I just saw it last week where a top 09 team used a guest from a flight 1 08 team.  The gal wasn't even from the same club.  Same 'family' of clubs but not the same club.  I suppose I can see if you needed an extra player, but they already had 3 subs of their own. 
I also remember last season seeing a flight 2 06 team use some of their clubs ECNL gals during the playoffs.  Their bench was stocked with subs.  I think these are both examples of telling the rest of your team that they're not good enough and winning is your top priority.


----------



## espola (Oct 17, 2019)

dad4 said:


> It isn't just SCDSL.  Guesting down is a problem all over.
> 
> I no longer allow my daughter to guest down.  It steals a game from the kids on the lower team.
> Not just minutes, but touches.  Lower team players touch the ball a lot less when upper team players are guesting.

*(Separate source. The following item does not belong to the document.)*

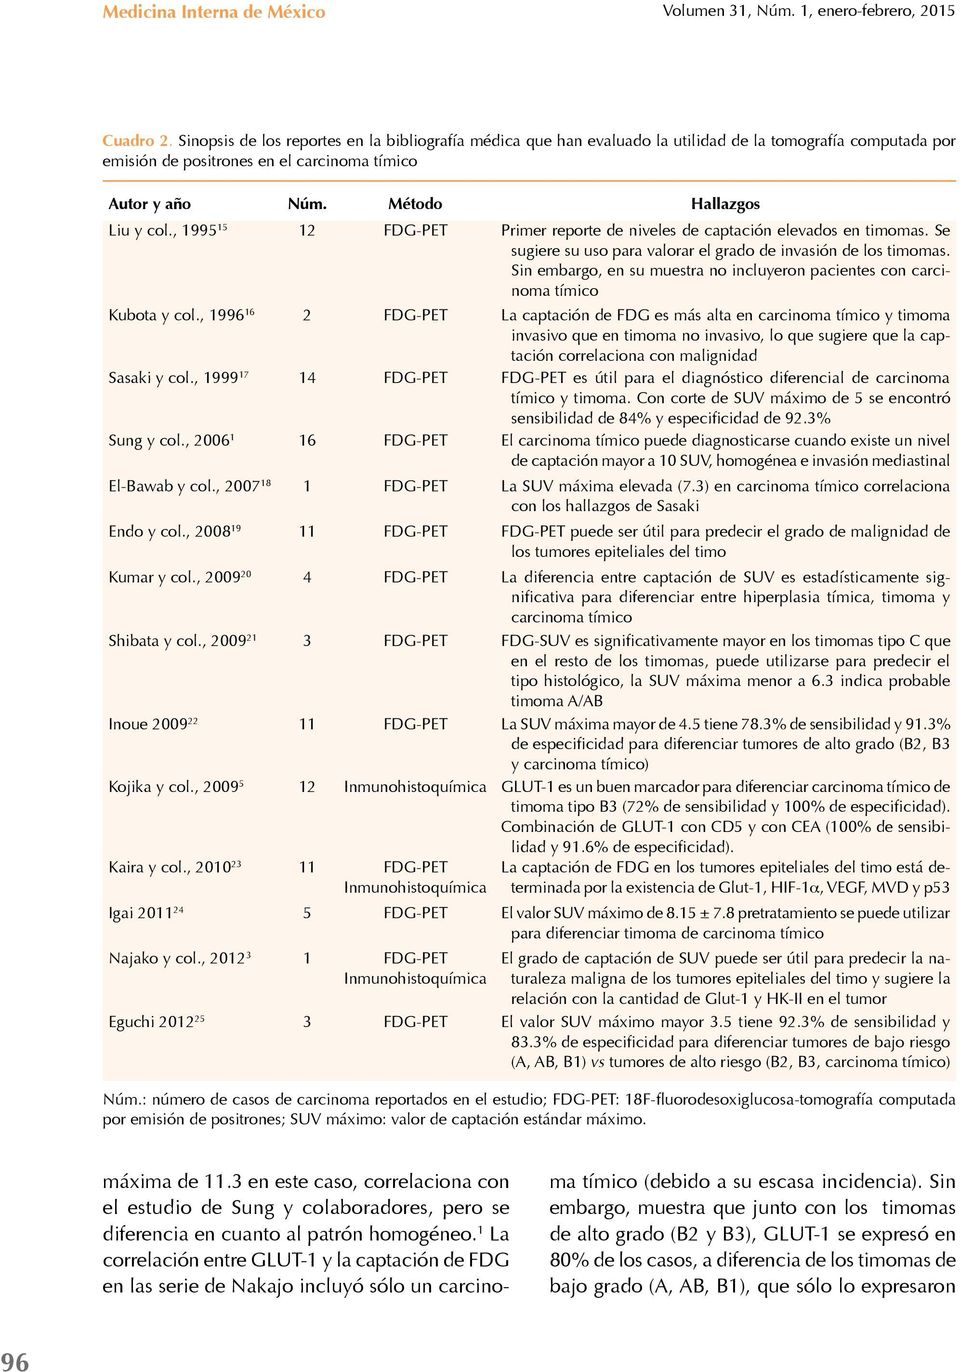 , 1995 15 12 FDG-PET Primer reporte de niveles de captación elevados en timomas. Se sugiere su uso para valorar el grado de invasión de los timomas.

Even if their team has the ball more than they would have without the guest?


----------



## tjinaz (Oct 17, 2019)

Don't agree.  What if you have a player coming back from injury or suffering a loss of confidence.  They should just "gut it out" on their higher level team or do you send them down for a bit to recover and get their mojo back?  There is a valid purpose for guesting down but it seems it is not being used as intended.  This is how it works in pro sports for "conditioning assignments" don't see why it can't be used here just needs to be limited.


----------



## dad4 (Oct 17, 2019)

espola said:


> Even if their team has the ball more than they would have without the guest?


Yes.  

my kid is a 2010- 7v7.  It is easy for one or two players to take over a game.  The lower skill kids on both teams never touch the ball.

Even at higher levels, I wouldn't do it except to help correct a complete mismatch.


----------



## timbuck (Oct 17, 2019)

soccerchaffeur said:


> I just saw it last week where a top 09 team used a guest from a flight 1 08 team.  The gal wasn't even from the same club.  Same 'family' of clubs but not the same club.  I suppose I can see if you needed an extra player, but they already had 3 subs of their own.
> I also remember last season seeing a flight 2 06 team use some of their clubs ECNL gals during the playoffs.  Their bench was stocked with subs.  I think these are both examples of telling the rest of your team that they're not good enough and winning is your top priority.


This comes from clubs that have a "Club First" mentality.  And they think that winning helps with recruiting.  The 2006 girls on that flight 2 team who aren't very strong will probably be leaving next year anyway.  So the club wants to win so they can find players that want to replace them by joining a "winning" team.  And join a club that tells parents "your kid will have the chance to move up to our ECNL team", only to learn that the ECNL team is focused on gathering players from other ECNL or DA teams and it would take a cold day in hell before a current F2 player would even get a sniff at the crown jewel of the club.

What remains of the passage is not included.